* ABOUT THIS TASK *
Only an exact copy of the lines from the one containing "Family pajamas on Amazon.com" through the last line of the material below belongs in the answer, with no pictures.

* RAW DATA *
_ _ _
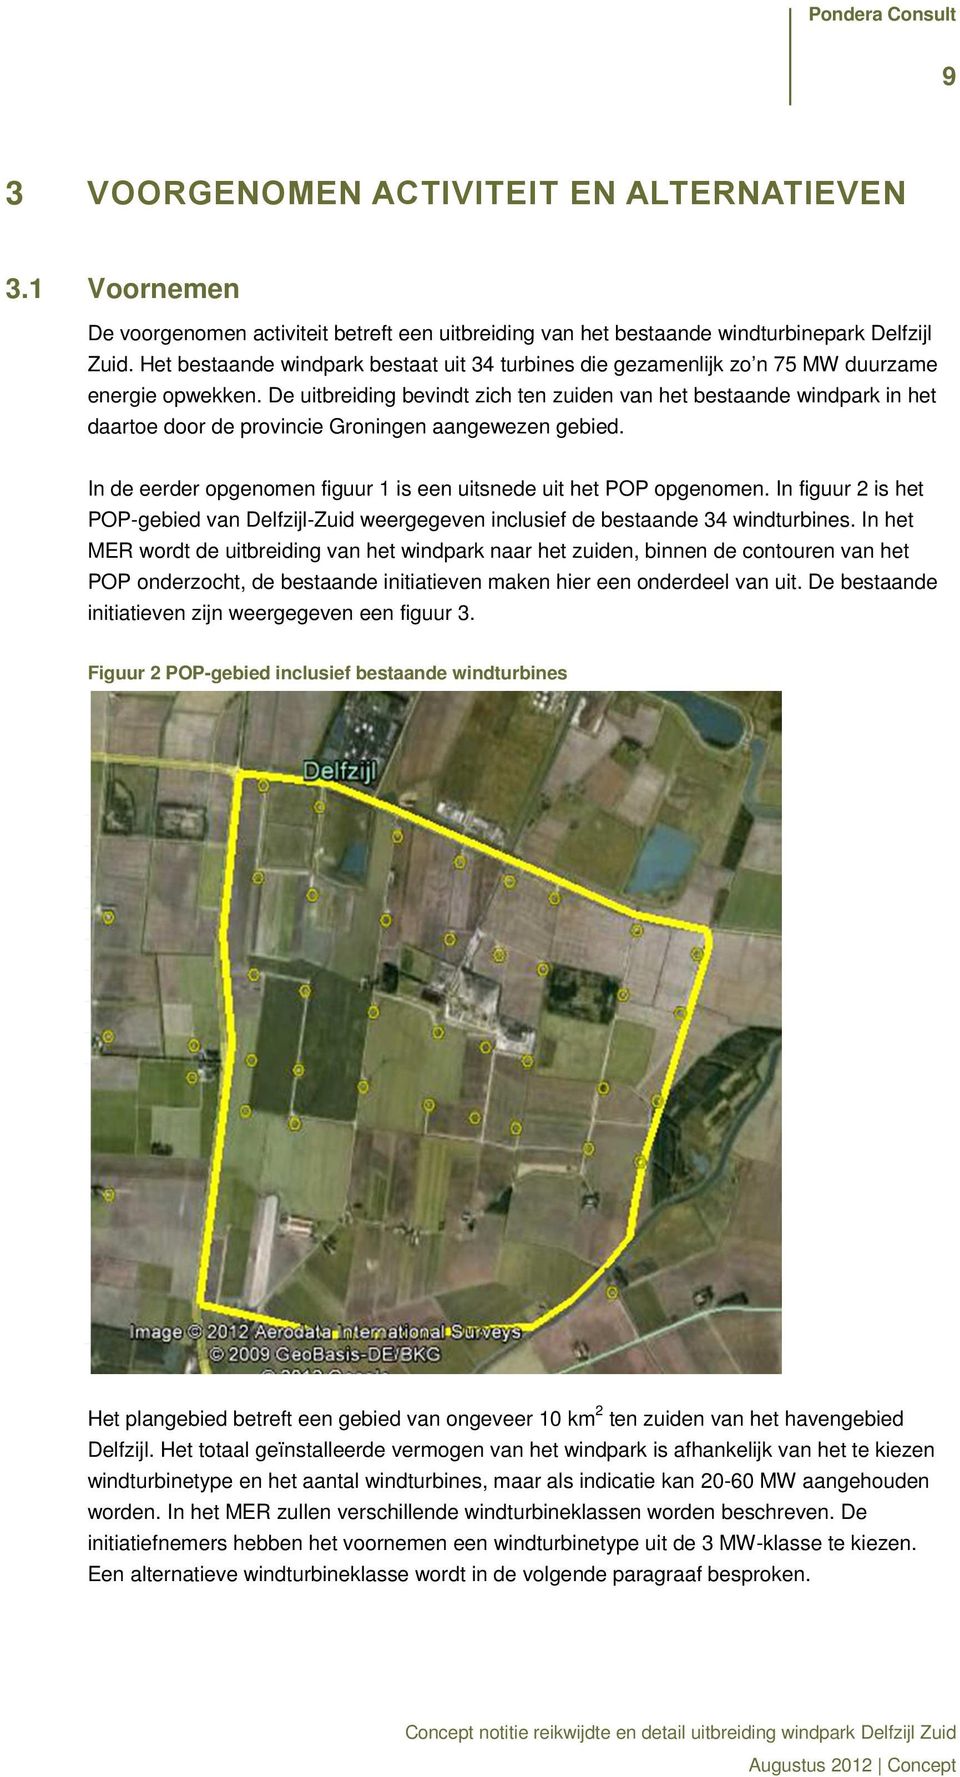 De uitbreiding bevindt zich ten zuiden van het bestaande windpark in het daartoe door de provincie Groningen aangewezen gebied. In de eerder opgenomen figuur 1 is een uitsnede uit het POP opgenomen.
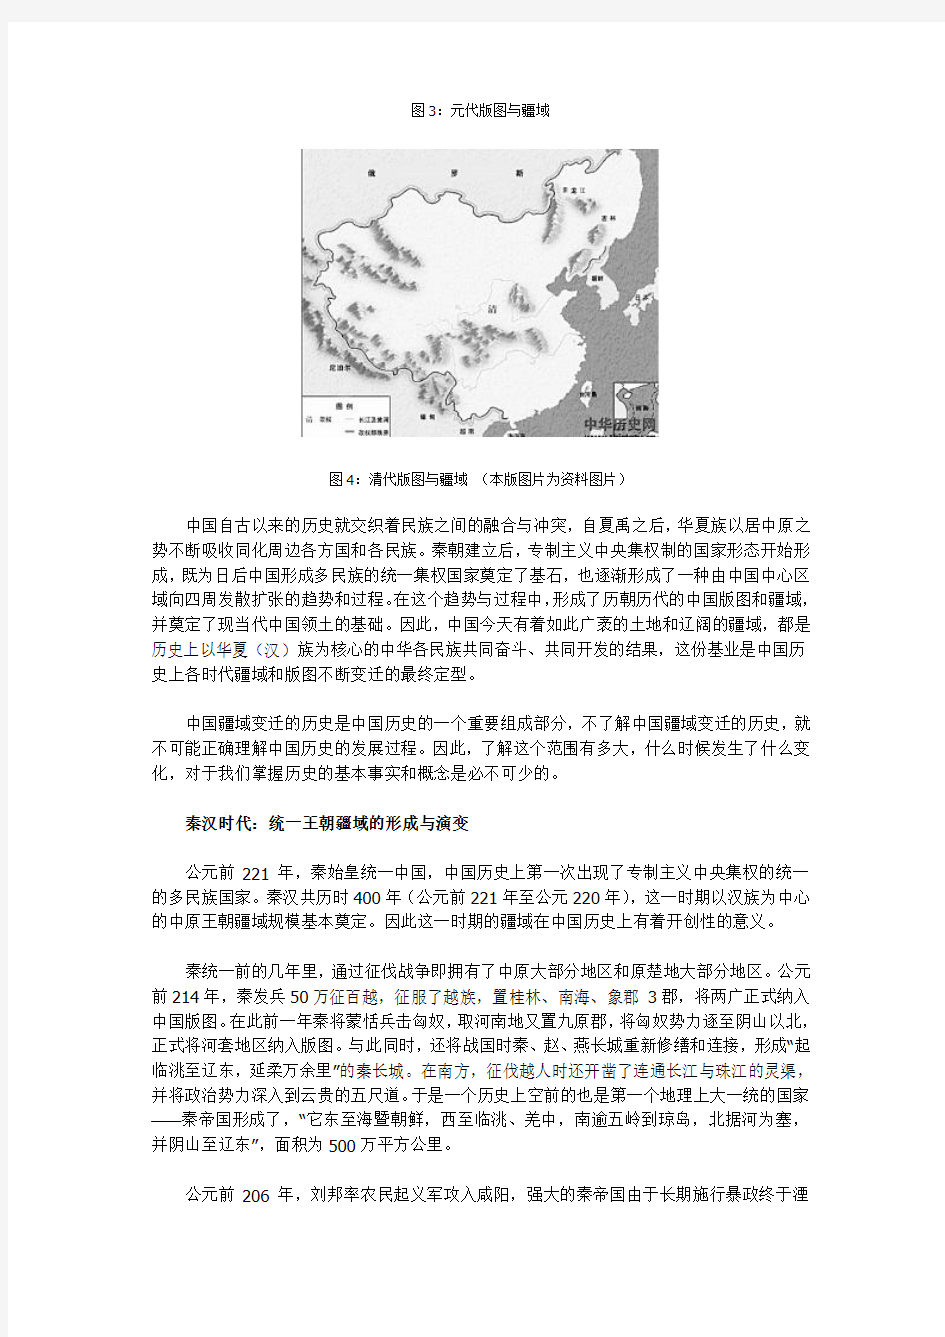 地图上的大中华——中国历史上主要王朝的疆域和版图变迁
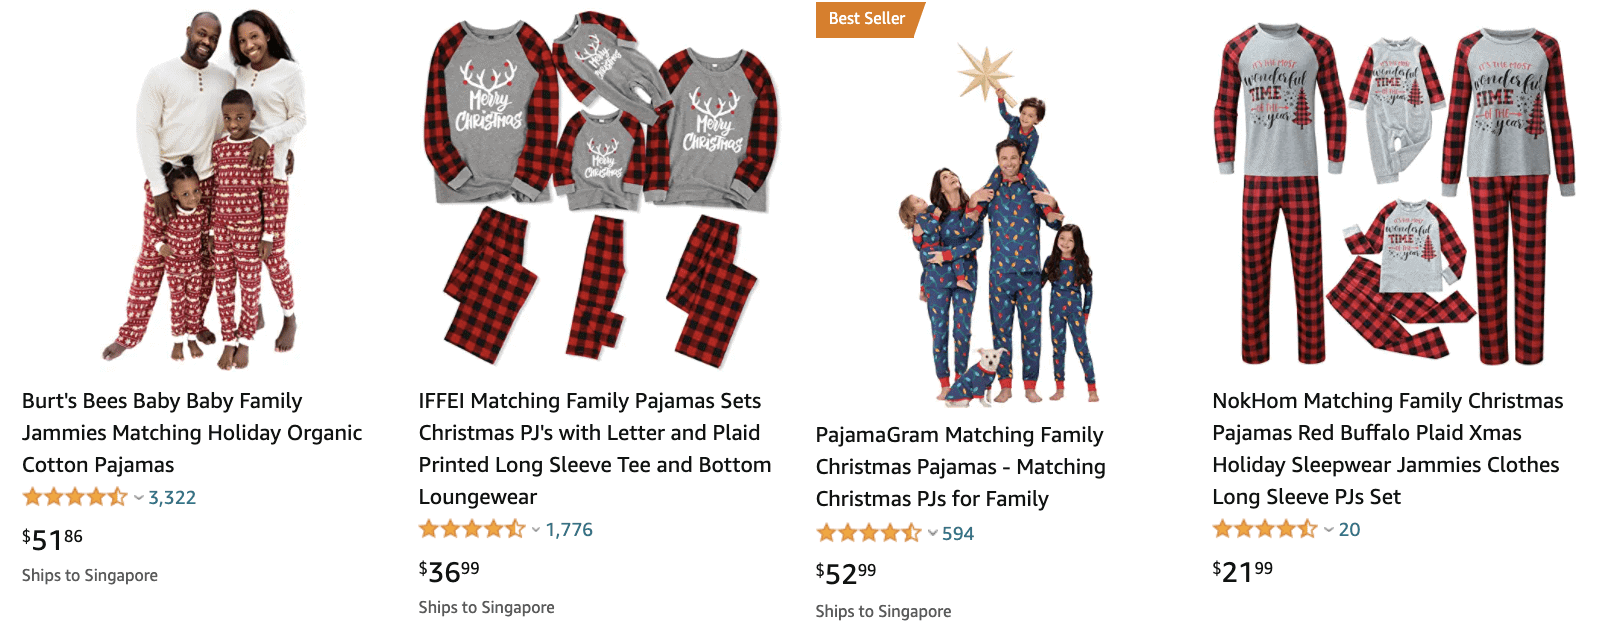 Family pajamas on Amazon.com
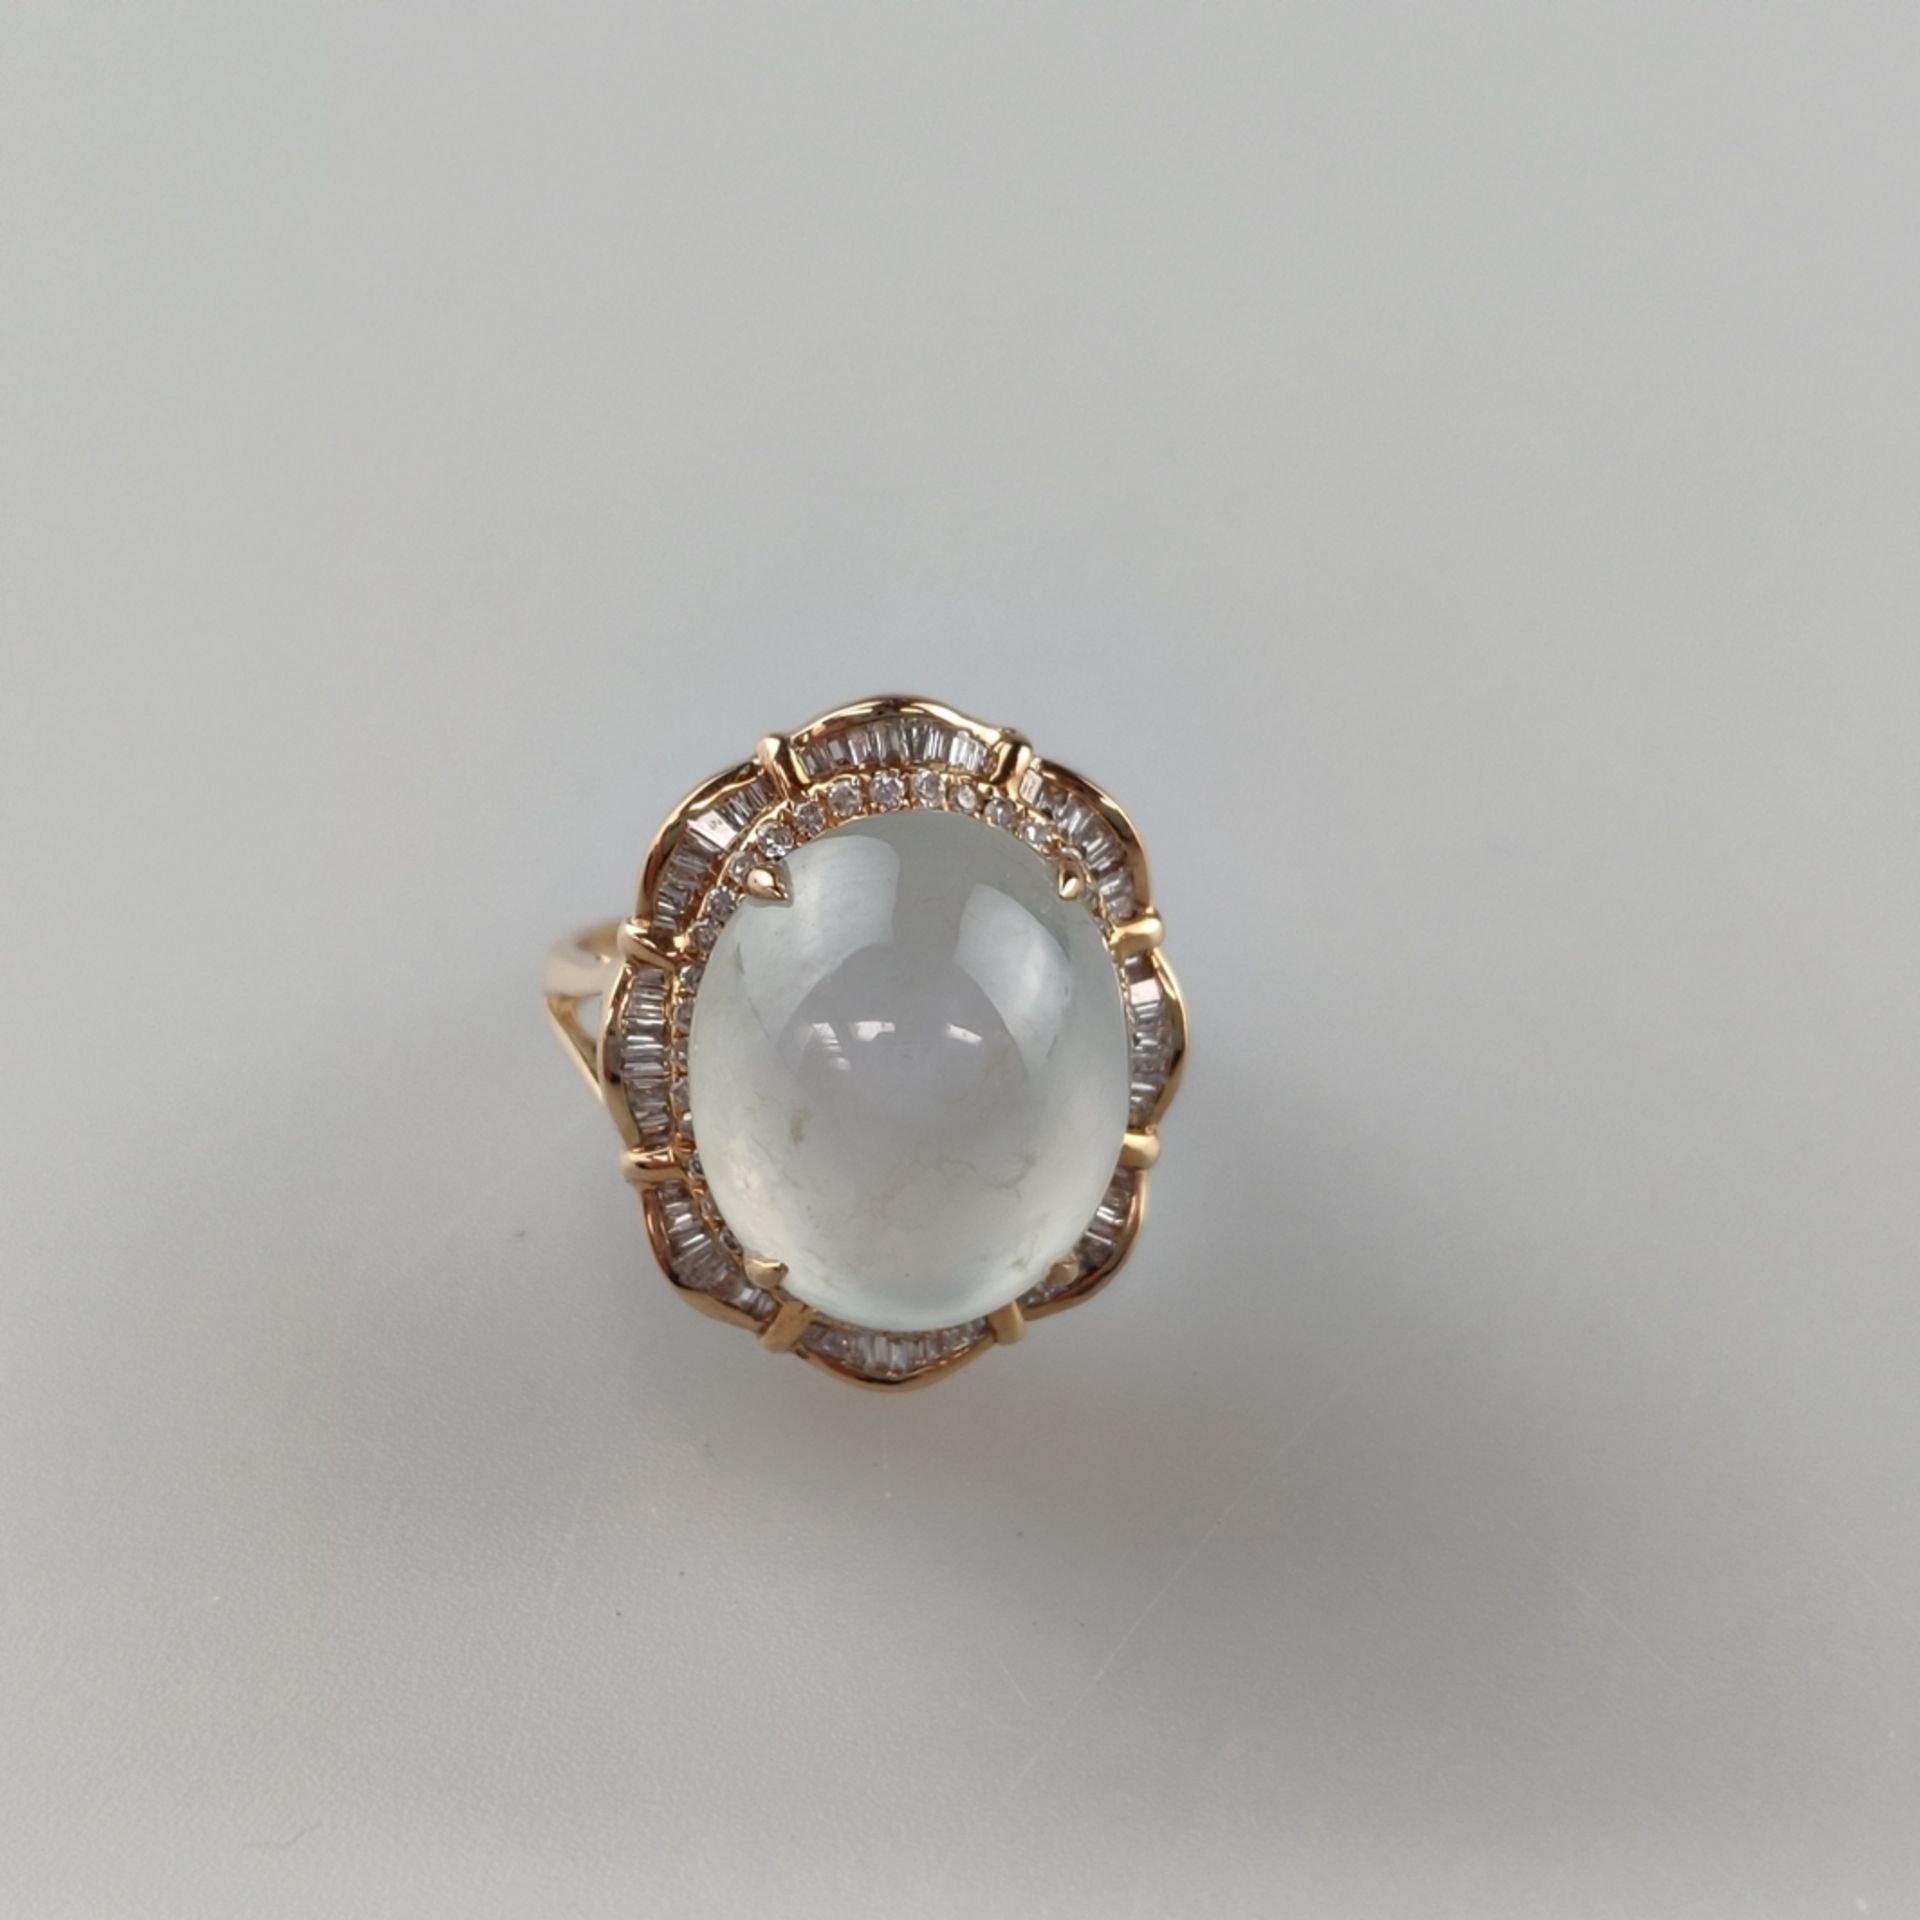 18K-Jadering mit Diamanten - Weißgold 750/000 (18K), Ringkopf mit milchig weißem Jadecabochon von c
_ _ _
* RESULT BELOW *
 Family pajamas on Amazon.com
 18K-Jadering mit Diamanten - Weißgold 750/000 (18K), Ringkopf mit milchig weißem Jadecabochon von c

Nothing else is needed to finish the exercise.